Worse than this is the fact that substandard or counterfeit medicines may have little, none, or too much of the required quantity of the active ingredient - all of these scenarios could present significant risk of harm to the patient. The main areas of concern related to buying prescription only medicines over the Internet are:
- the medicine may seriously harm you or a member of your family
- they may not have been prescribed by a healthcare professional
- there may not be checks and controls on the quality and effectiveness of medicines supplied
- there may be no legal or judicial recourse in the event of problem.
Medicines - Enforcement Group
The Enforcement Group at the MHRA comprises of an Intelligence, Investigations, Prosecutions and Support unit of 44 staff based in London, Welwyn Garden City and York.
The Group has responsibility for the investigation of breaches of the medicines act and associated legislation, including the MHRA response to counterfeit medicines available through the regulated and unregulated supply chain.
Enforcement Group staff have statutory powers under the Medicines Act 1968 to enter business and private property in the furtherance of their duties and seize articles suspected of being concerned in breaches of the act and associated legislation.
The Group conduct investigations in accordance with all relevant legislation and submit recommendations for prosecution to Crown Prosecution Service solicitors.
The MHRA are usually engaged in approximately 30 prosecutions at any one time for a range of offences, in addition to this the Agency provide support to the Police for any prosecutions they are conducting which also include breaches of the Medicines Act.
Prosecutions can range from cases relating to illegal advertising or sale of unlicensed products heard at Magistrates Courts, through to large Crown court trials concerning global conspiracies to supply counterfeit medicines.
Investigations concerning counterfeit medicine are usually complex, involving networks of companies and bank accounts, often overseas. The individuals concerned have a thorough knowledge of the markets and different countries supply arrangements, procedures and laws. They will often try to exploit perceived weaknesses in supply chain arrangements. The extent of this type of criminal activity is serious and these types of cases are invariably referred to CPS solicitors recommending prosecution .

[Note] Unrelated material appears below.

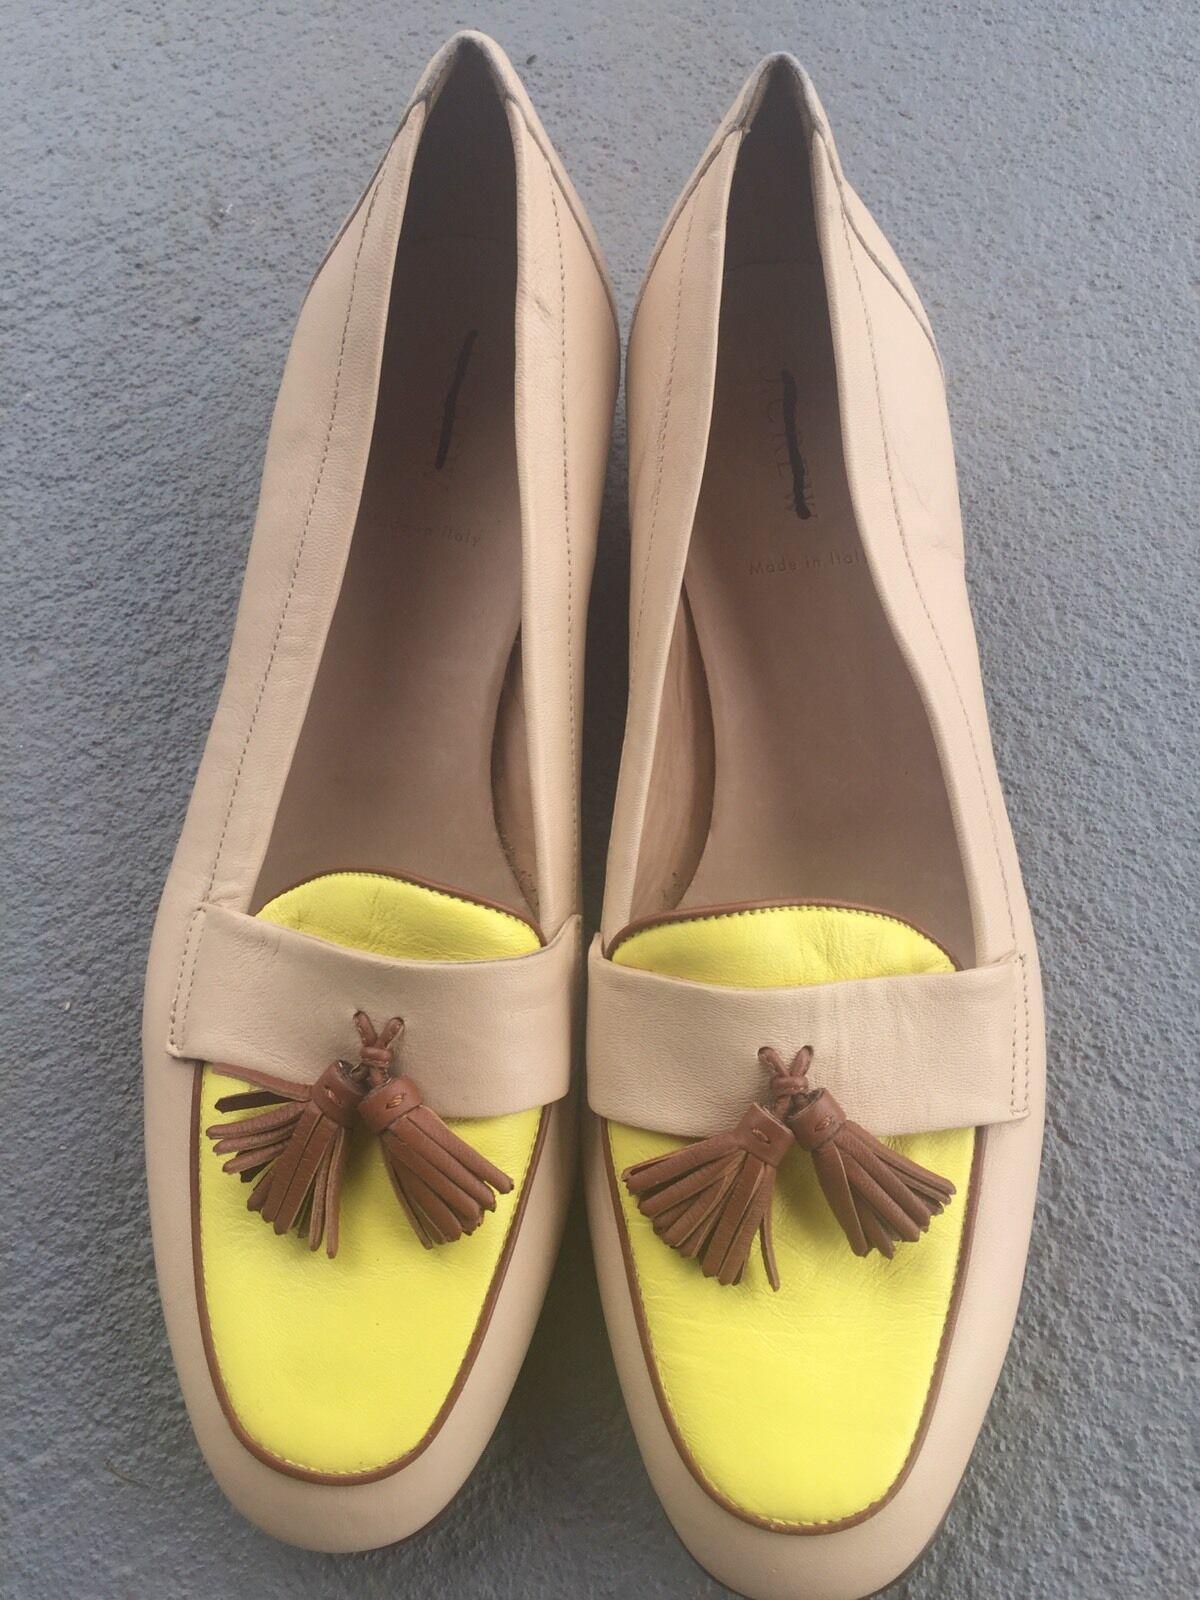 J CREW BIELLA TASSEL LOAFERS TWO TONE Schuhe SOFT SAND LEATHER FLAT Schuhe TONE 45914 NEW 10 df567f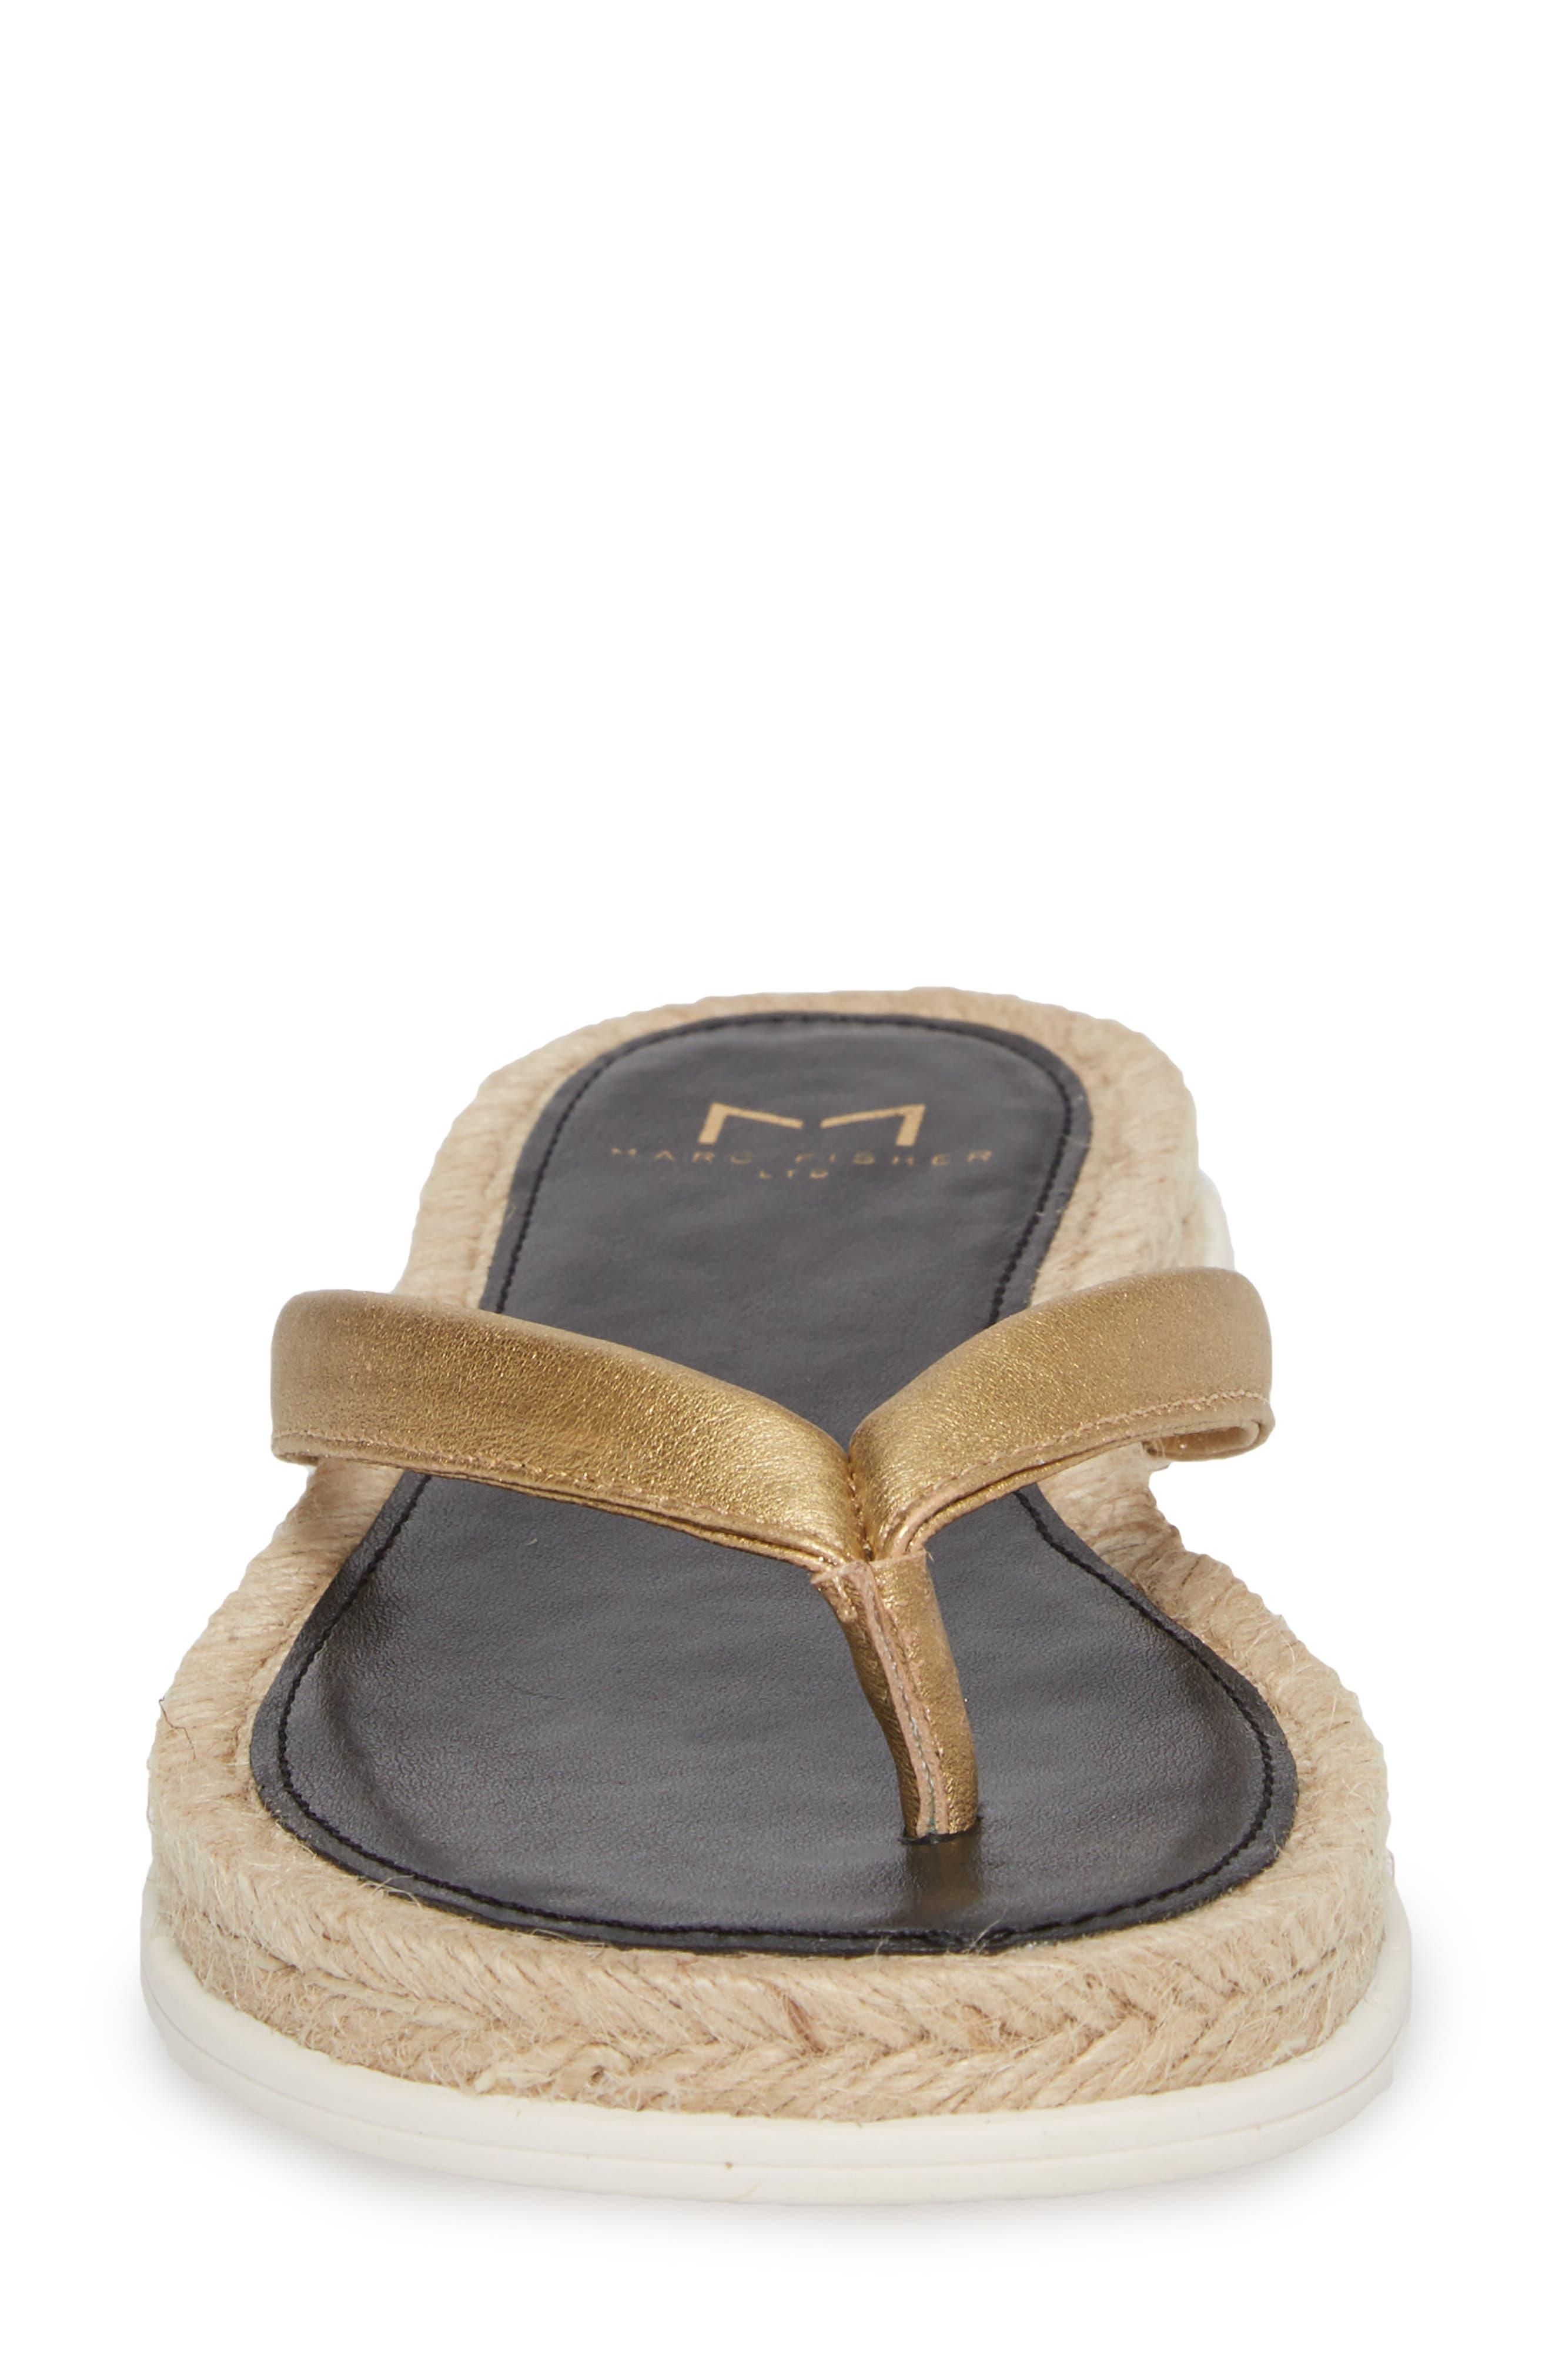 Utah Espadrille Sandal,                             Alternate thumbnail 12, color,

The MHRA has had to adapt to this rising challenge. The Enforcement and Intelligence group now employs specialists in conducting International investigations, financial investigations, crime analysts, internet investigators, disclosure officers, test purchasers, and specialists in the use of the Regulation of Investigatory Powers Act 2000.
The Enforcement Group principally rely upon the offences contained within the Medicines Act 1968, these carry a maximum two year sentence and/or unlimited fine. Cases involving counterfeit medicines are also prosecuted using the Trademarks Act 1994 carrying a maximum sentence of 10 years imprisonment and the Proceeds of Crime Act 2002 with a maximum sentence of 14 years. Consideration will now be given to using the Fraud Act 2006 for these types of cases. Civil injunctions have also been relied upon where appropriate.
Are medicines likely to be counterfeit if the labelling and instructions are in a foreign language?
This would not be an indicator in itself. Although medicinal products may carry labelling in the language of the source country, they must have an English patient information leaflet and English packaging or overlabelling. Many legitimate medicines are sourced outside the UK, often from other countries in Europe.